# Frogs & Toads > Frogs >  HELP found an injured frog, what do I do?

## Mariel

Hello everyone, I'm a total ignorant on frogs and stuff, so I don't really know how to help this little guy out.

One of my dogs,a puppy, bit a frog and it has an injure on the left eye. I grabbed the little guy and left it in a quiet place while I searched how to help him out-  Reading in forums, they recommended to make a quiet and confortable place for it, so I did, I put a little shelter and something with water, not too deep, so it can relax. He moves his front legs fine, but the back ones don't have much strenght, I don't know how long was it since the little guy was bitten, pressumable 3 to 8 hours.  I left it in a part of the garden which my dogs never go to, since I have it fenced, but when I made the place for him, I saw there were some red ants on the dirt, my question is: should I just get him out of there? are the ants even better so he can eat them? should I try to put any kind of medicine on him?

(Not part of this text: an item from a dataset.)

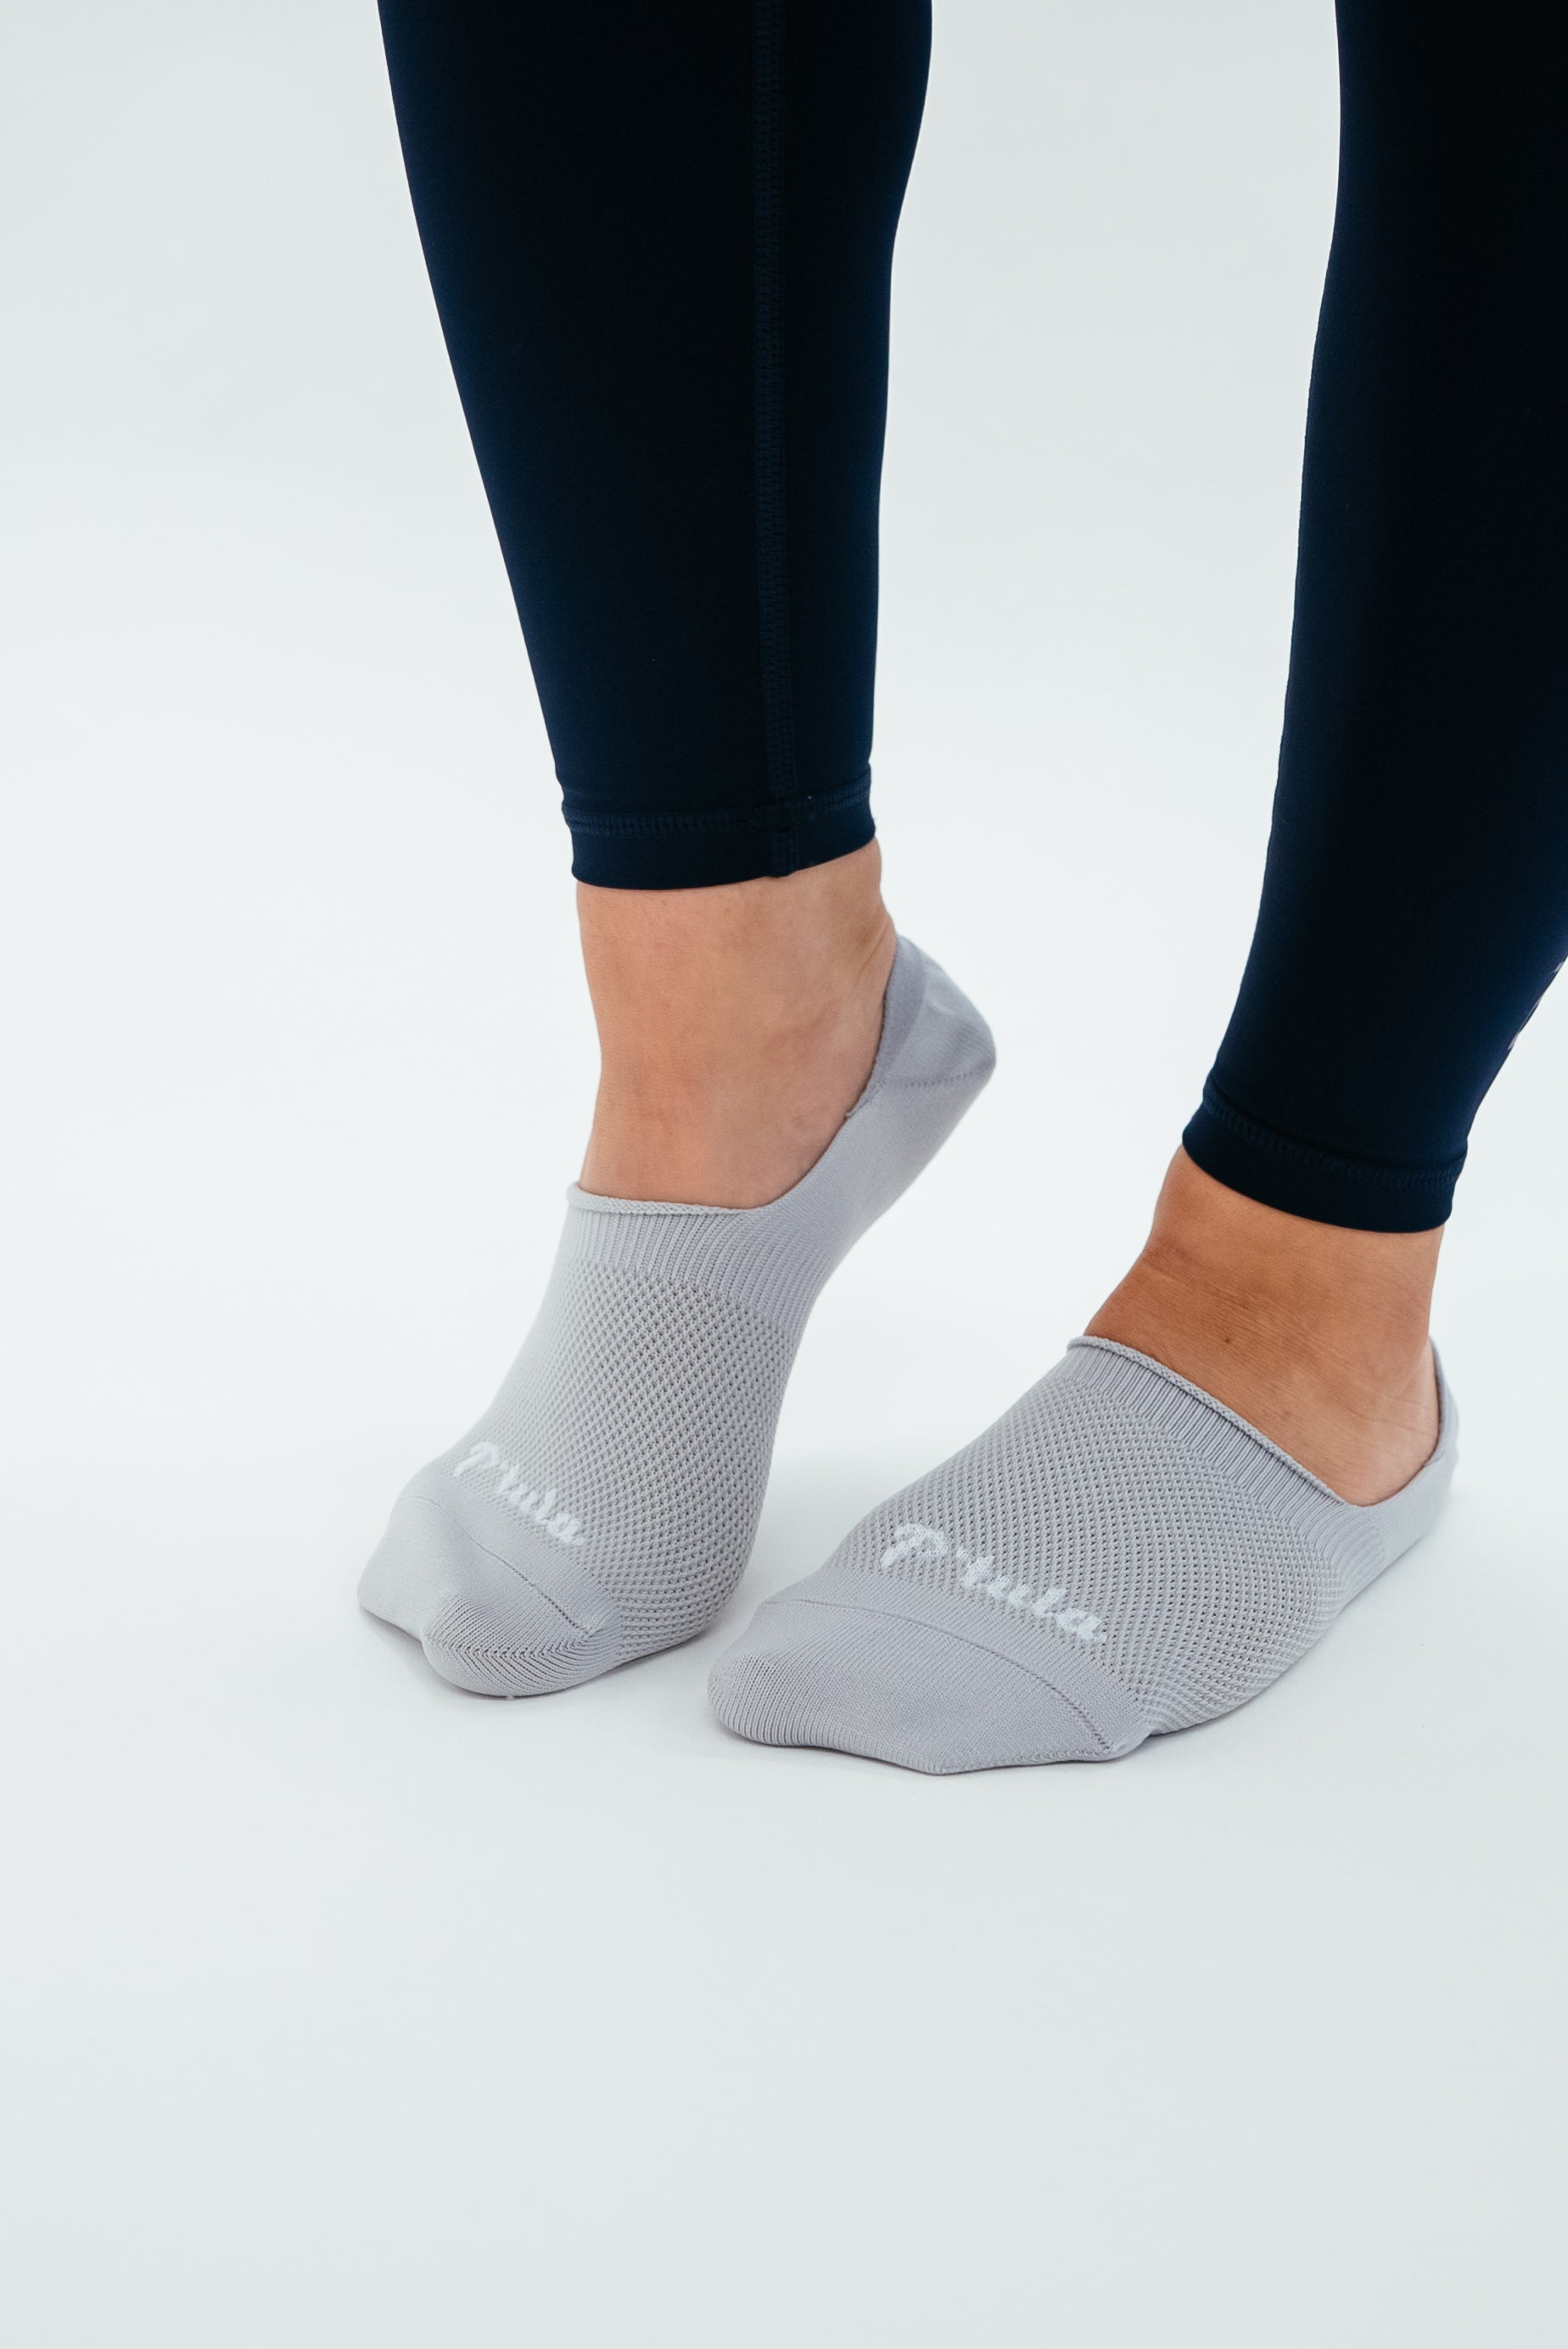 Seamless Leggings + Sock Bundle - Seamless
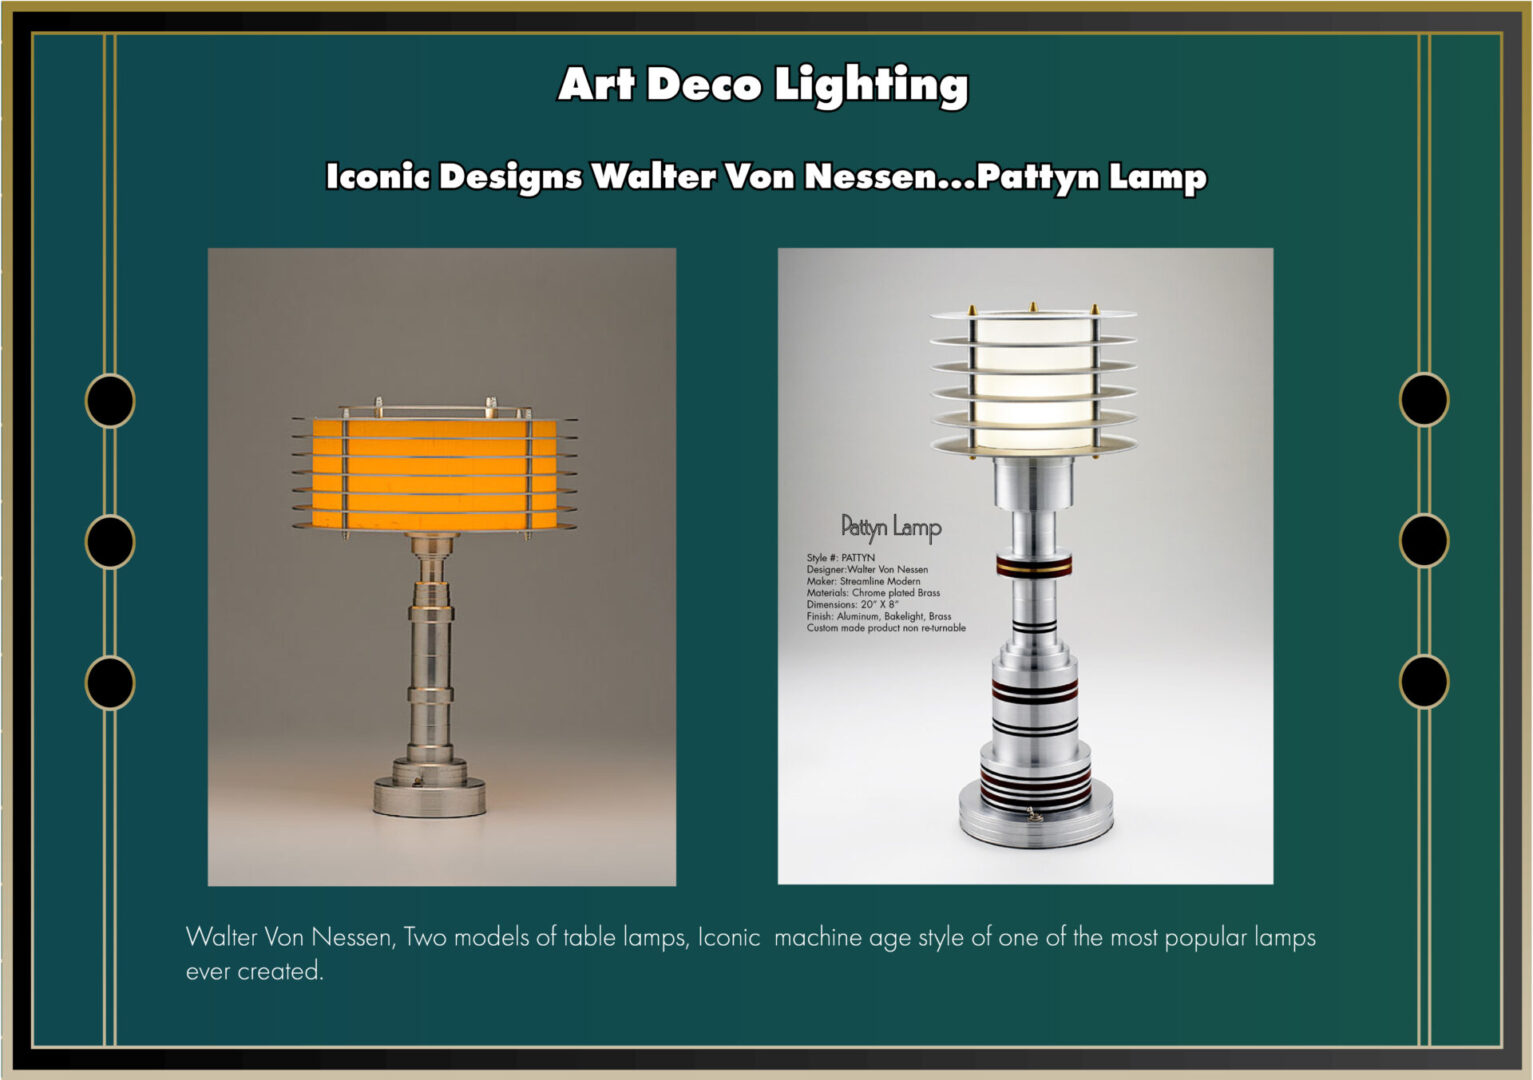 Iconic lamp designs by Walter Von Nessen

He's a common frog, not too old. If you require pictures I'll provide them

Thanks in advence.

PS: the puppy is fine.

----------


## Lorykeet

So sorry to hear about the poor frog! Thanks for trying to help him. I'm no expert and can only repeat what I learned from reading forums like these (hopefully someone more experienced can reply soon), but it seems like with most injured frogs, people typically place damp paper towels in their tanks/containers rather than water. A clear plastic storage bin would be nice, several feet long, then you can keep and eye on him for now - and cover 3 sides of it to minimize stress so he'll feel safer. If he will let you put neosporin on his eye injury then go for it, but make sure it's the kind that has just plain ointment and NO pain reliever because that kills frogs. 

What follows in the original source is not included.